Loud harsh bangs when you drive over a bump often indicate worn or broken suspension components. Put it it up on jack-stands, climb underneath, and carefully inspect the situation to prevent unpleasant surprises, especially on a horse trailer.
Rattles are usually things like stall dividers, doors, and windows. Generally these can be mitigated to some extent by "loading" the hinges. Get a handful of the heavy rubber "trucker" bungies, and use them to put the pivot points under tension. How much you can accomplish varies, but it's worth a try, 'cause the other option is to replace the hinges, and that gets spendy PDQ.


----------



## horselovinguy (Oct 1, 2013)

george the mule said:


> Rattles are usually things like stall dividers, doors, and windows. Generally these can be mitigated to some extent by "loading" the hinges. Get a handful of the heavy rubber "trucker" bungies, and use them to put the pivot points under tension. How much you can accomplish varies, but it's worth a try, 'cause the other option is to replace the hinges, and that gets spendy PDQ.

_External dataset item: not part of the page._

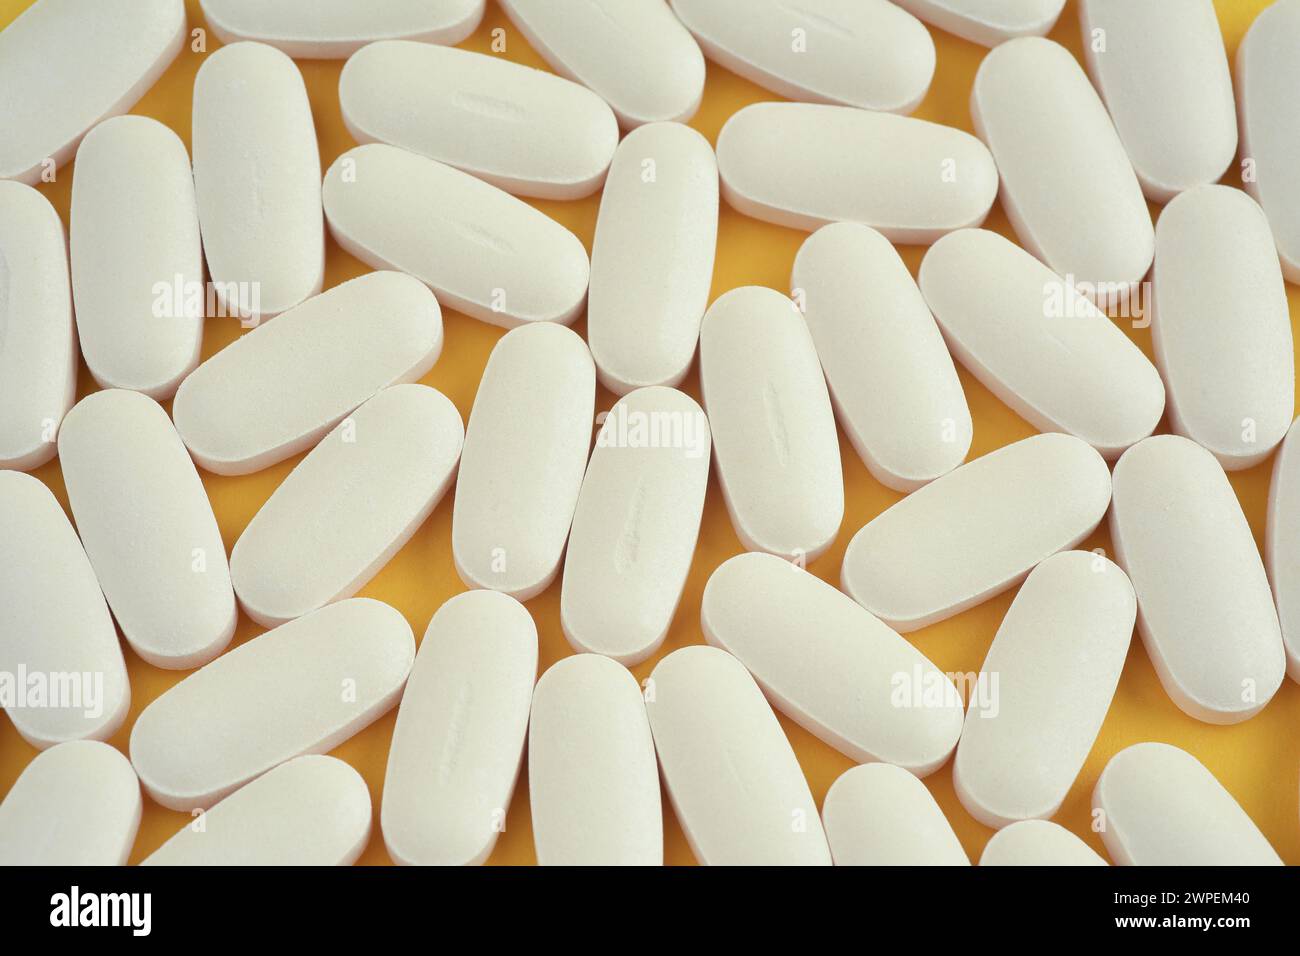 Photographie rapprochée vue du dessus d'un groupe de comprimés de vitamines blanches de forme ovale ou de pilules sur fond jaune. Vue de dessus. Banque D'Images

We do that "loading" George...
I use the small stick-on chair glide pads you use to protect floors from scraping chair feet or furniture.
1 pad per issue makes a much quieter trailer to tow around..
Our trailer is steel, a stock style and can BANG, *BANG* and more _*BANG!!!*_
Those pads are magical...
We now sport them on the escape doors, dividers, tack compartment, windows that open/close and yes, the steel horse entry door...they flatten easily and no water entry happens either.
Since they are so cheap, when they get to flat we toss em and put in new ones for a quieter ride for the babies {and us}...  
🐴...


----------